Already compared to Hemingway and Murakami, Shuang Xuetao is one of the most highly celebrated young Chinese writers—his English-language debut Rouge Street collects three dazzling novellas of Northeast China, mixing realism, mysticism, and noir An enterprising inventor dreams of escaping his drab surroundings in a flying machine. A criminal, trapped beneath a frozen lake, transforms into a giant fish. A strange girl pledges to ignite a field of sorghum stalks.
Rouge Street collects three novellas by Shuang Xuetao, the lauded young Chinese writer whose frank, fantastical short fiction has already inspired comparisons to Ernest Hemingway and Haruki Murakami. Located in China’s frigid Northeast, Shenyang, the author’s birthplace, boasts an illustrious past—legend holds that the emperor’s makeup was manufactured here. But while the city enjoyed renewed importance as an industrial hub under Mao Zedong, China’s subsequent transition from communism to a private economy led to an array of social ills—unemployment, poverty, alcoholism, domestic violence, divorce, suicide—which gritty Shenyang epitomizes.

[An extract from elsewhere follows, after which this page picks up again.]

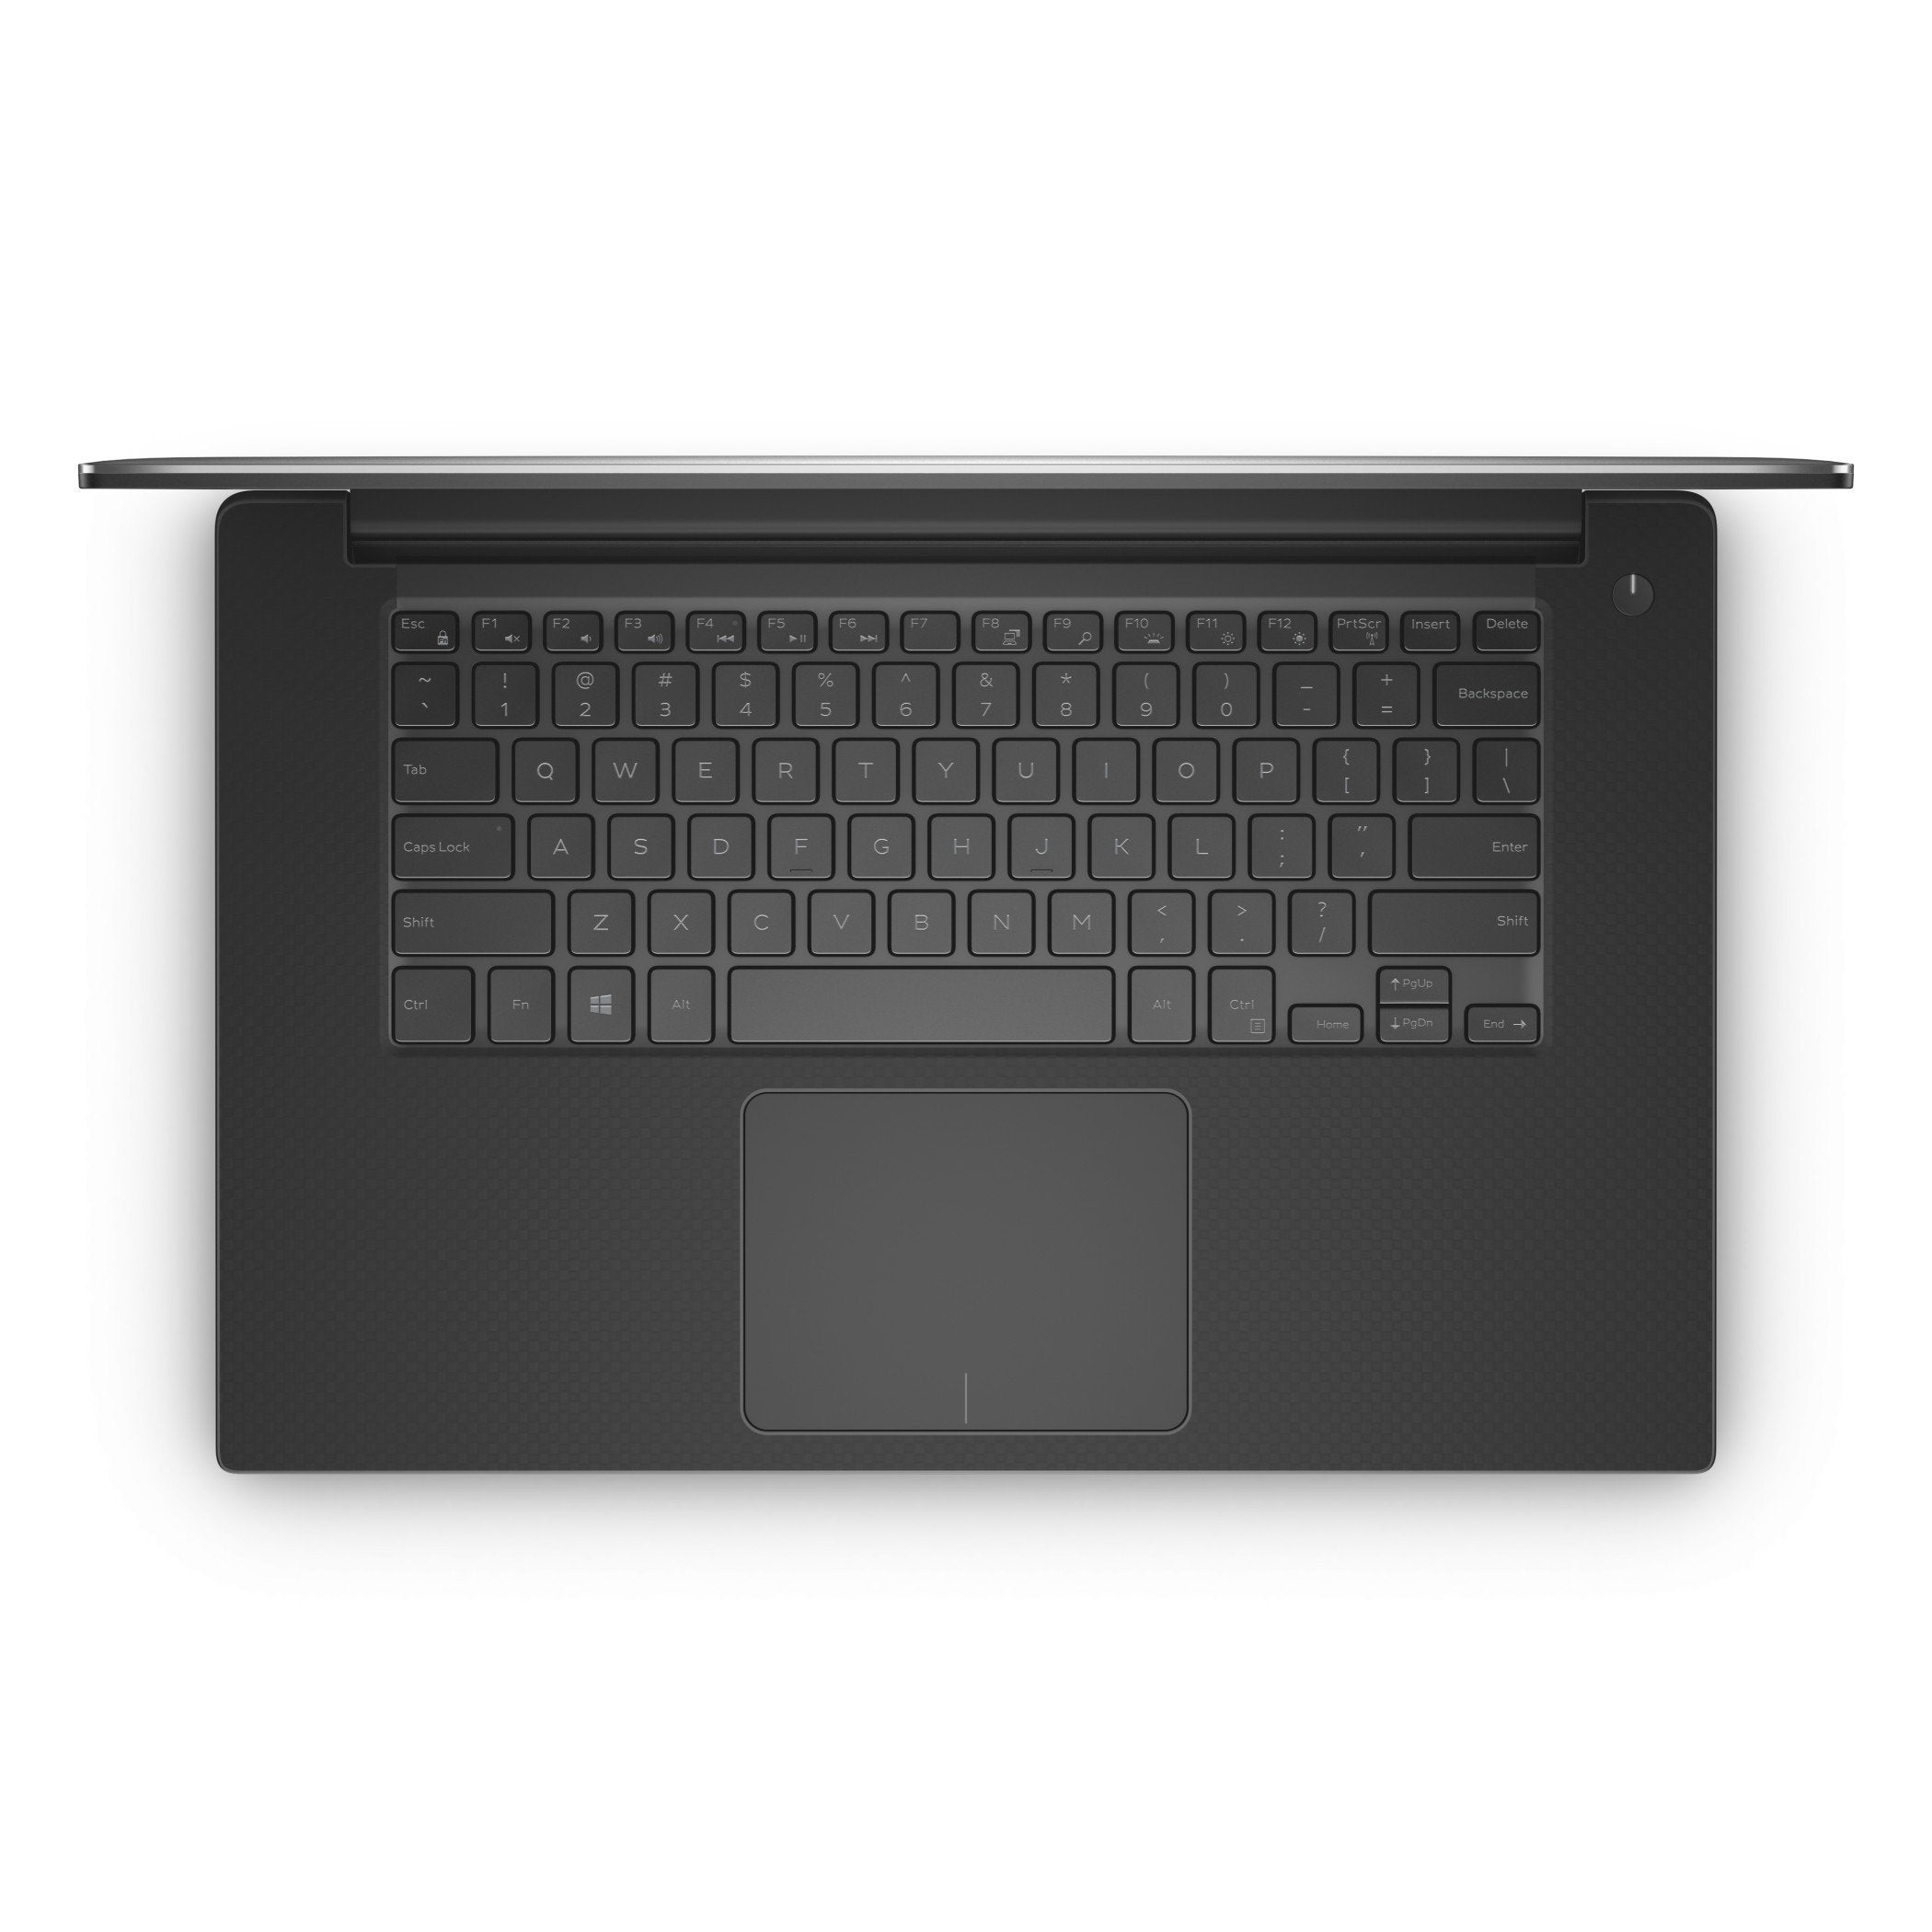 Dell XPS 15 9560 15.6” 4K UHD Touch Laptop – i7-7700HQ (3.8GHz), 16GB DDR4 RAM, 1TB NVMe SSD, NVIDIA GeForce GTX 1050, SD Card Reader, WIFI 5 & BT 5, Windows 10 Pro, Backlit Keyboard

Orbiting the toughest neighborhood of a postindustrial city whose vast, inhospitable landscape makes every aspect of life a struggle, these many-voiced missives are united by Shuang Xuetao’s singular style—one which balances hardscrabble naturalism with the transcendent, and faces the bleak environs with winning humor. Lyrical, masterful, Rouge Street illuminates not only the hidden pains of those left behind in an extraordinary economic boom, but also the unlikely, nourishing grace they, nevertheless, manage to discover.